PURSUANT TO RULE 13a-16 OR 15d-16

UNDER THE SECURITIES EXCHANGE ACT OF 1934

 

For the month of July 2023

 

Commission File Number: 001-41181

 

Yoshitsu Co., Ltd

 

Harumi Building, 2-5-9 Kotobashi,

Sumida-ku, Tokyo, 130-0022

Japan

(Address of principal executive office)

 

Indicate by check mark whether the registrant files or will file annual reports under cover of Form 20-F or Form 40-F:

 

Form 20-F ☒   Form 40-F ☐

 

 

 

 

 

 

Reappointments of Directors, Retirements of Directors, and Appointment of a Corporate Officer

 

On June 30, 2023, Yoshitsu Co., Ltd, a stock company incorporated pursuant to the laws of Japan (the “Company”), held its 2023 annual general meeting of shareholders (the “2023 Annual General Meeting”). Upon the conclusion of the 2023 Annual General Meeting, the terms of all six members of the board of directors (the “Board”), Mr. Mei Kanayama, Mr. Sen Uehara, Mr. Yoichiro Haga, Mr. Tetsuya Sato, Mr. Yoji Takenaka, and Mr. Yukihisa Kitamura, reached an end. During the 2023 Annual General Meeting, the Board recommended, and the shareholders of the Company (the “Shareholders”) approved, the reappointments of Mr. Mei Kanayama as a director, Mr. Yoichiro Haga as a director, Mr. Yoji Takenaka as an external director, and Mr. Tetsuya Sato as an external director, effective immediately. Mr. Sen Uehara retired as a director, and Mr. Yukihisa Kitamura retired as an external director, effective immediately. Upon the conclusion of the 2023 Annual General Meeting, the Board is composed of four members, including two directors and two external directors.

 

On June 30, 2023, the Board appointed Mr. Sen Uehara as a corporate officer, effective immediately. The Company believes that Mr. Sen Uehara will continue to bring extensive entrepreneurial and management experience to the Company.

 

Entry into Share Transfer Agreement with Respect to Palpito Co., Ltd.

 

On June 30, 2023, the Company entered into a share transfer agreement (the “Palpito STA”) with respect to the transfer of shares of Palpito Co., Ltd. (“Palpito”), an entity that was 40% owned by the Company and 60% owned by two unrelated third parties, with SeihinKokusai Co., Ltd., an entity of which Mr. Mei Kanayama’s wife is a director and the representative director (“SeihinKokusai”). Mr. Mei Kanayama is the representative director and a director of the Company. The Palpito STA was negotiated at arm’s length and was approved by the Board on June 30, 2023.

 

Pursuant to the Palpito STA, SeihinKokusai agreed to purchase, and the Company agreed to sell, all of the 800 shares of common stock the Company owned in Palpito, representing 40% of the issued share capital in Palpito, in exchange for 40,000,000 yen.

 

On July 1, 2023, the parties to the Palpito STA closed the transaction, and Palpito became 40% owned by SeihinKokusai.

 

A copy of the Palpito STA is attached hereto as Exhibit 10.1. The foregoing description of the Palpito STA is a summary of the material terms of such agreement, and does not purport to be complete and is qualified in its entirety by reference to the Palpito STA.

 

Entry into Share Transfer Agreement with Respect to Kaika International Co., Ltd

 

On June 30, 2023, the Company entered into a share transfer agreement (the “Kaika STA”) with respect to the transfer of shares of Kaika International Co., Ltd (“Kaika”), formerly known as Tokyo Lifestyle Co., Ltd., a wholly owned subsidiary of the Company, with SeihinKokusai, an entity of which Mr.

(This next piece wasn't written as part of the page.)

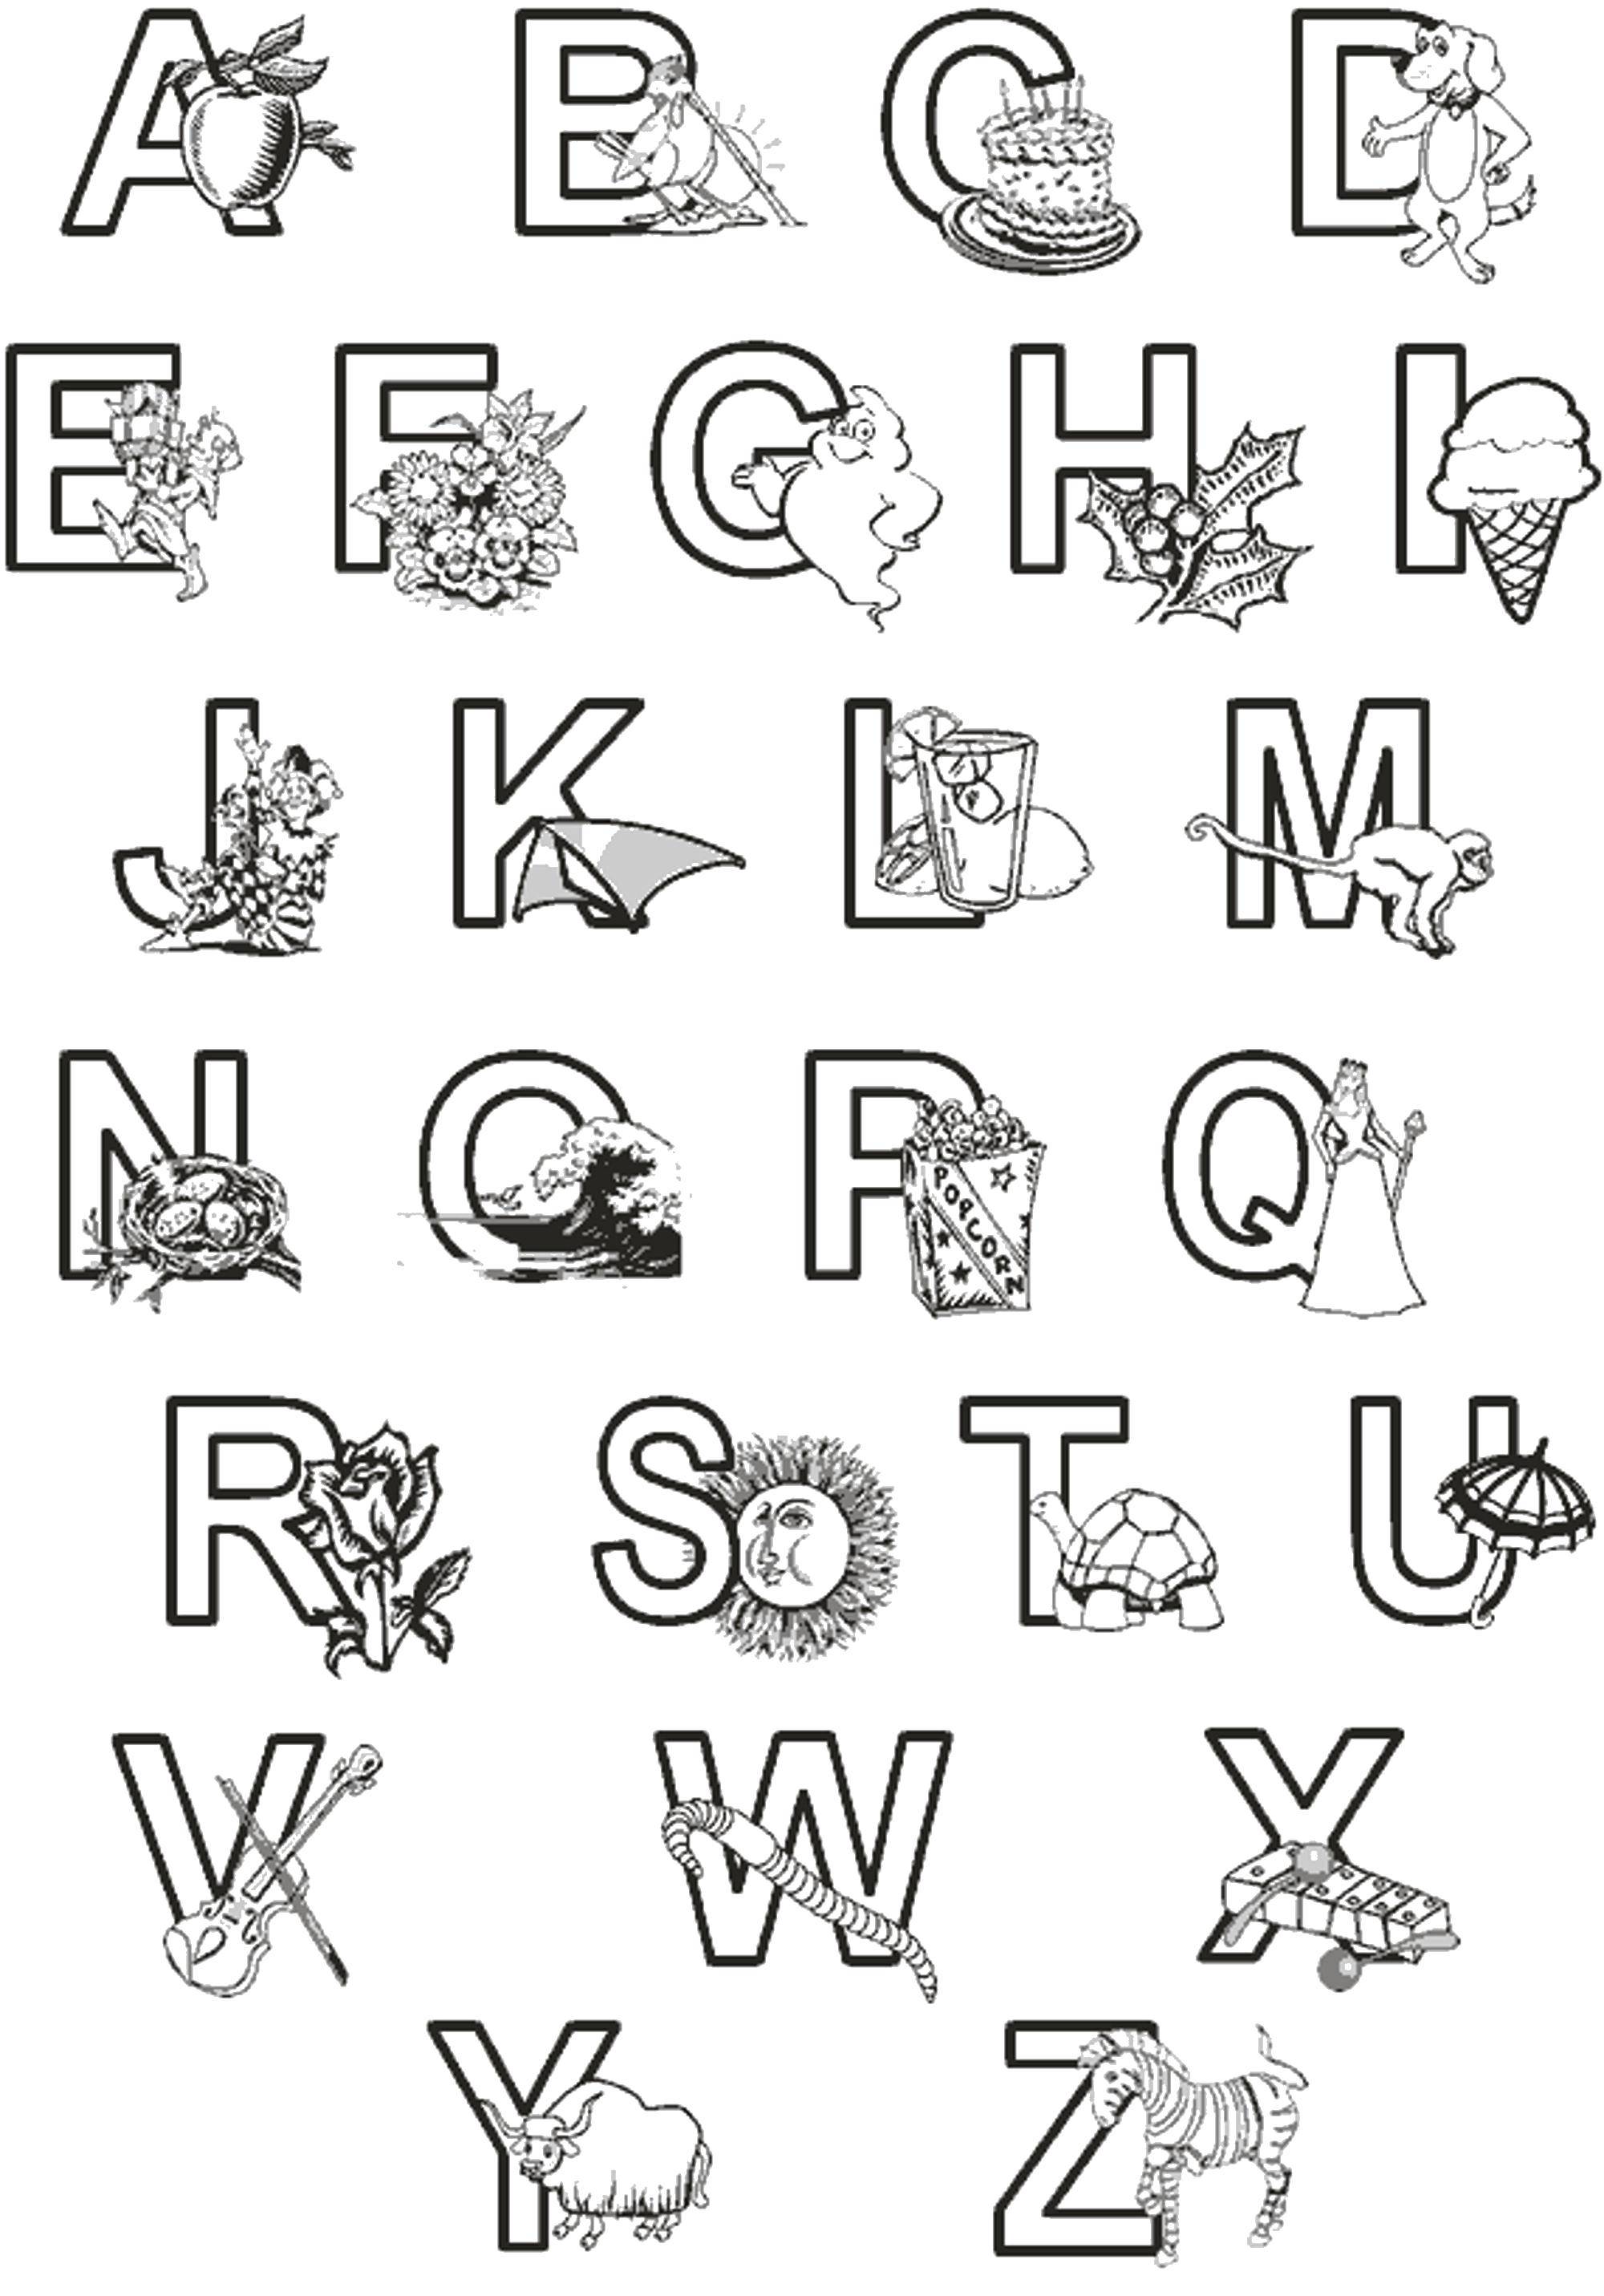 Coloring English alphabet. Category English alphabet. Tags:  The alphabet, letters, words.
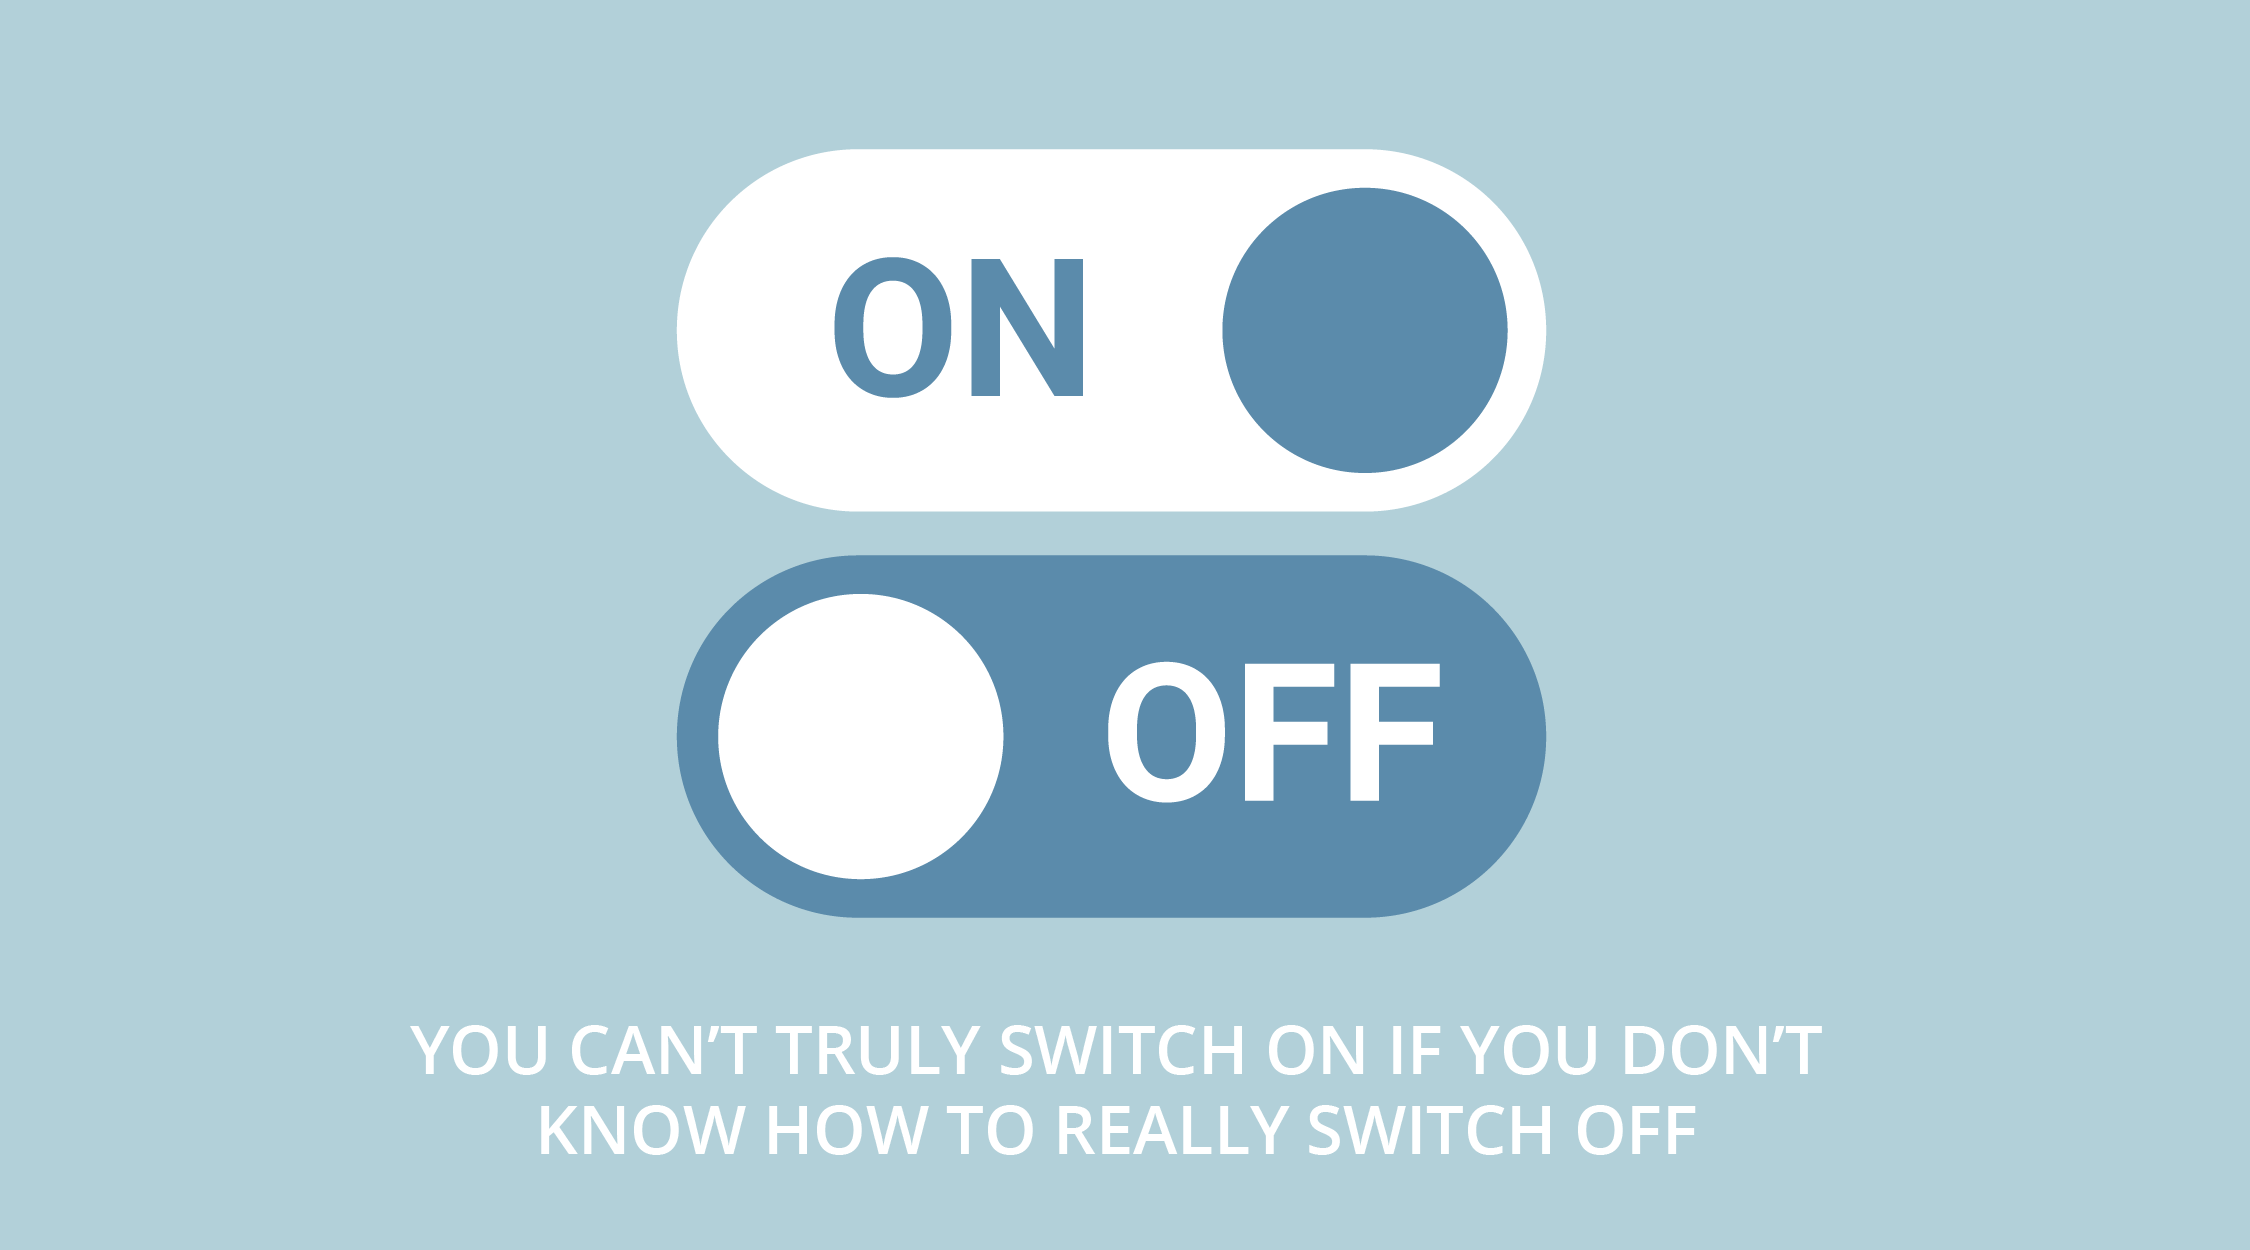 Switching on and off

Mei Kanayama’s wife is a director and the representative director. Mr. Mei Kanayama is the representative director and a director of the Company. The Kaika STA was negotiated at arm’s length and was approved by the Board on June 30, 2023.

 

Pursuant to the Kaika STA, SeihinKokusai agreed to purchase, and the Company agreed to sell, 100 shares of common stock of Kaika, representing 100% of the issued share capital in Kaika, in exchange for 5,000,000 yen.

 

On July 1, 2023, the parties to the Kaika STA closed the transaction, and SeihinKokusai became the sole shareholder of Kaika.

 

A copy of the Kaika STA is attached hereto as Exhibit 10.2. The foregoing description of the Kaika STA is a summary of the material terms of such agreement, and does not purport to be complete and is qualified in its entirety by reference to the Kaika STA.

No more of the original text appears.